Здесь в лесу его городские знания и мировоззрения не пригодились вовсе, а монастырских было явно не достаточно. Все его страхи, как водоросли после бури, поднялись со дна души, с самых темных и потаенных уголков психики, но разум оказался сильнее страха. И тогда Григорию пришлось заново учиться жить.

Глава 6

Первое время жить Григорию мешал страх. Ему было страшно в хижине, и за ее стенами,  но настоящий ужас приходил с закатом солнца, когда лес, отпев свои песни, погружался в естественный сон. Спали неперелетные птицы: синицы, галки, вороны. Спали белочки в дуплах, заяц-беляк в укрытии.   По спящему лесу бродили лишь волки, а в темной хижине без окон трясся от страха Григорий. Нет, волков он не боялся. Во-первых, хижина была надежно закрыта на засов, а во-вторых, Григорий был вооружен внушительной дубиной и даже баллончиком с нервно-паралитическим газом. Но практика показала, что волки разбегаются и при элементарном свете фонарика - трусливый народ. Волков Григорий не боялся, но каждую ночь буквально умирал от ужаса: подскакивал от треска бревен в очаге, и еще от множества естественных или воображаемых шумов. Вначале, он думал, что боится злых духов. Ведь, если почитать Жития святых, каждый отшельник, сталкивается с прямыми проявлениями темных ангелов, во время своего одиночества. Они являются и пугают святого своим страшным видом, а праведник всегда побеждает их молитвой, святой водой, крестом и прочим. Но проходила ночь за ночью, а бедному дрожащему Григорию являлись только собственные страхи. И в одну из особенно долгих и мучительных ночей, он понял, что больше не выдержит этой пытки. Сел, расслабил, как мог свое дрожащее тело и включил мозг. А затем методично принялся выуживать из него знания. Будучи верующим человеком, он не мог отрицать существование как светлых, так и темных сил.

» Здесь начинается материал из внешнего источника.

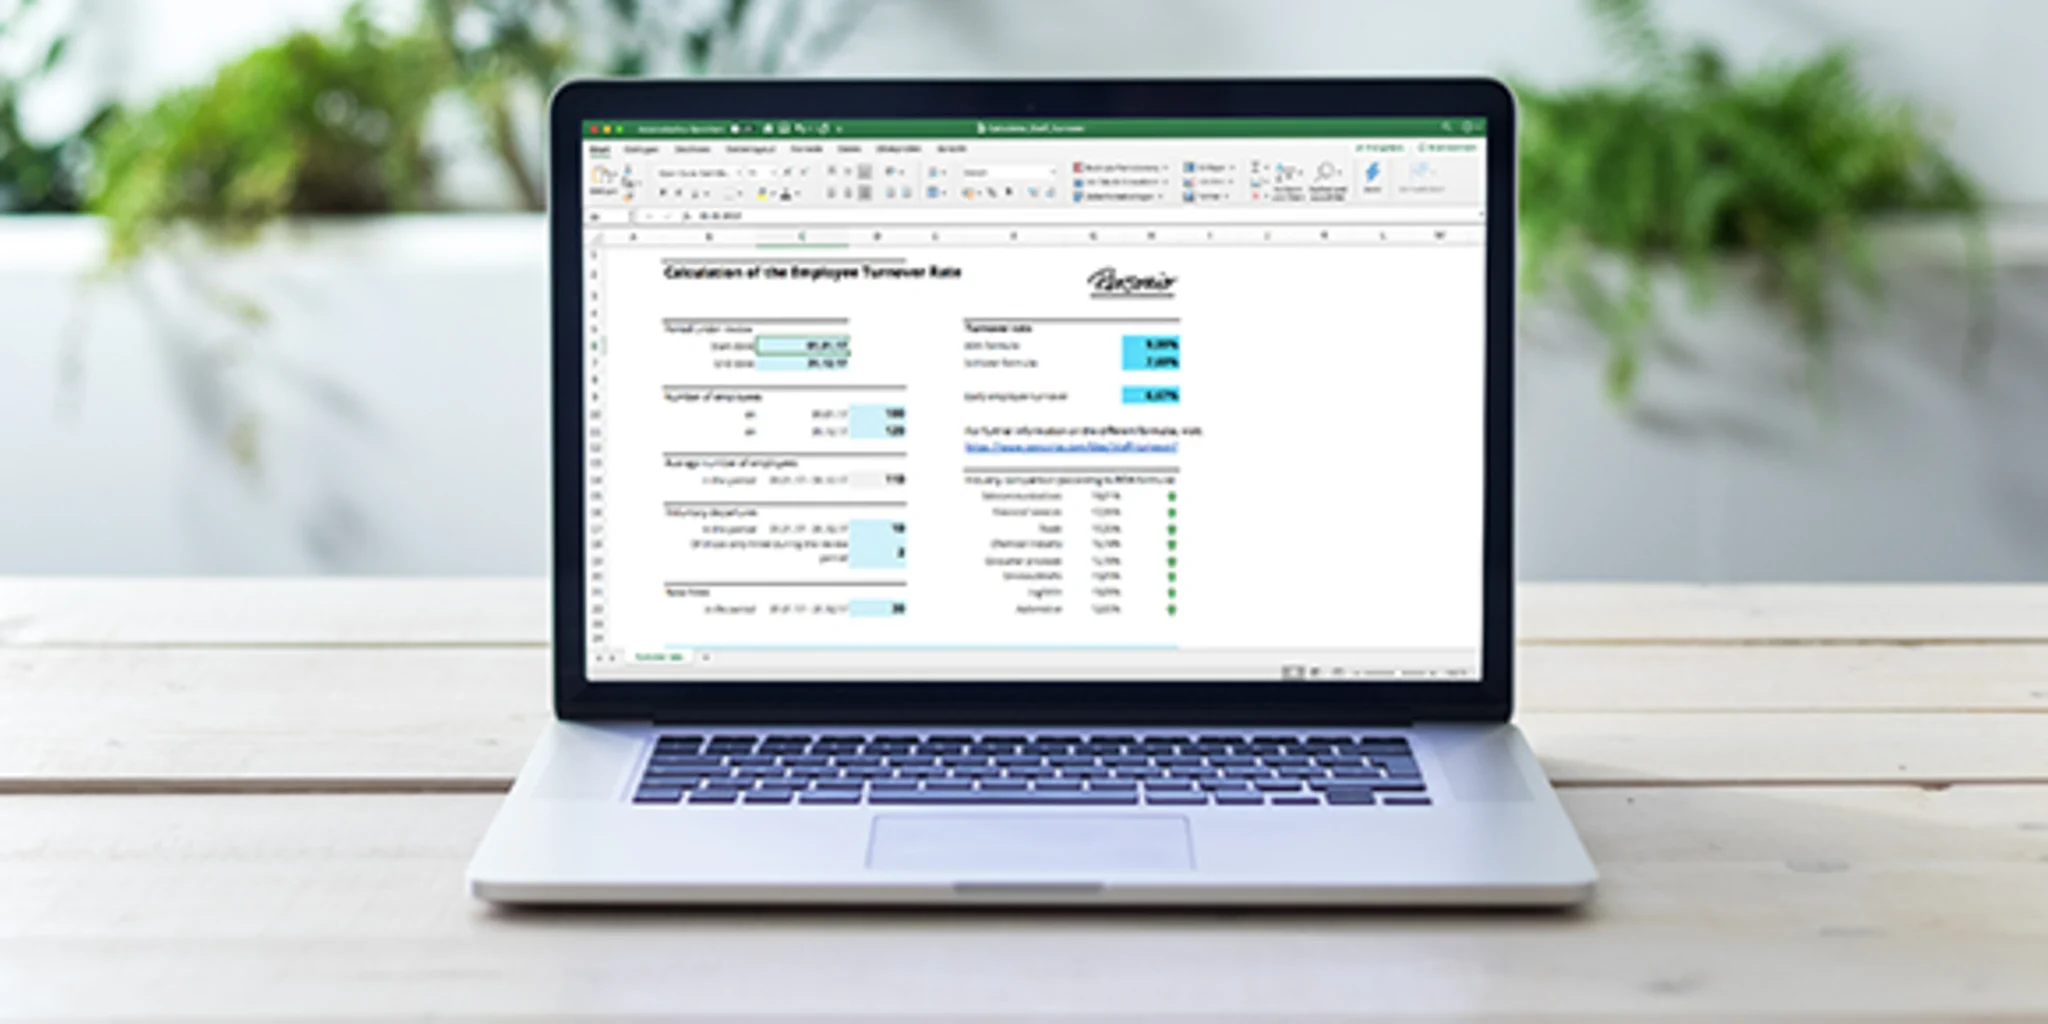 Download our Excel template to take your calculations with you.

Но знал, что духи не имеют вида. Мало того, наш глаз не видит даже того, что видим мы, и наше ухо не слышит того, что слышим мы. Все эти импульсы проходят через мозг и только тогда обретают форму привычную для нас. Так глаз видит только двухмерное изображение, которое мозг преобразует в трехмерное, а ухо слышит только колебание жидкости, которое мозг преобразует в музыку. Даже он испуганный и «потерянный» в лесу человечек, понимает, что все эти страхи не принадлежат этому лесу, что лес и его жители живут, как обычно их природе, как Господь создал. А страх это личная принадлежность Георгия, и эту принадлежность он принес  в лес с собой, а значит, она была с ним всегда!

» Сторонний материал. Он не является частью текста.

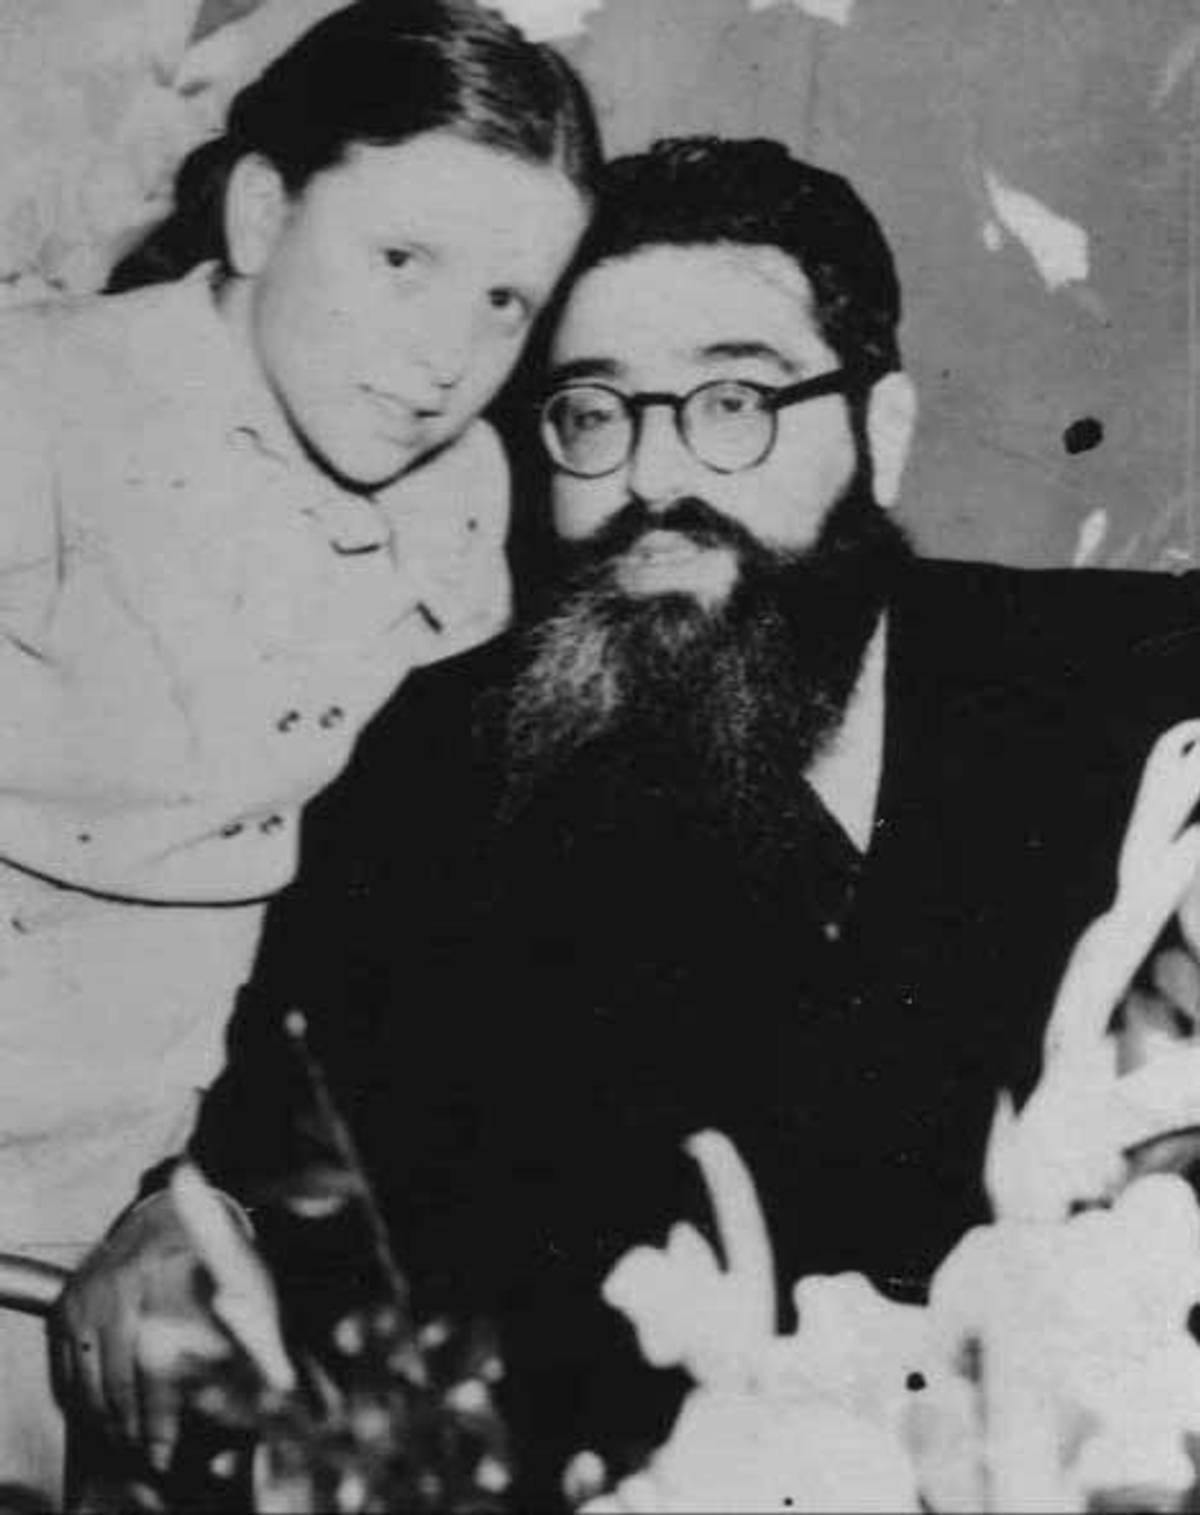 Bruria Hutner David as a child, pictured with her father, Rabbi Yitzchak Hutner, circa 1950

Он привык бояться. Сколько себя помнил, боялся всегда. В детстве, насупленных бровей мамы, в школе директора и почему-то отчисления (происшествия немыслимого в советские времена). Потом боялся, что «пацаны сочтут слабаком» и даже «свернул» из-за этого шею, прыгая с крыши сарая. Мог бы остаться инвалидом - Бог уберег. Из-за того же страха, курил, почти теряя сознание, зеленея и отлеживаясь дома, от «неизвестного отравления», ползая между кроватью и унитазом.  Боялся, что подумают, что он влюбился, и жестко подшучивал над предметами юношеского вожделения. Его трусость, вскормленная и взлелеянная, прочно засела в определенном для нее месте (в душе, наверное), повзрослевшего Гриши, и приобрела уже более уродливые взрослые формы. Например, работая в одной компьютерной фирме и наделав с похмелья лаж с заказами, Гришка со страху свалил это дело на товарища, после чего товарищ был уволен, так и не поняв, впрочем, кто именно ему удружил. Но самое омерзительное проявление трусости, по мнению самого ее носителя, выплеснулось в отношениях с его, и по сей день обожаемой женой Анной.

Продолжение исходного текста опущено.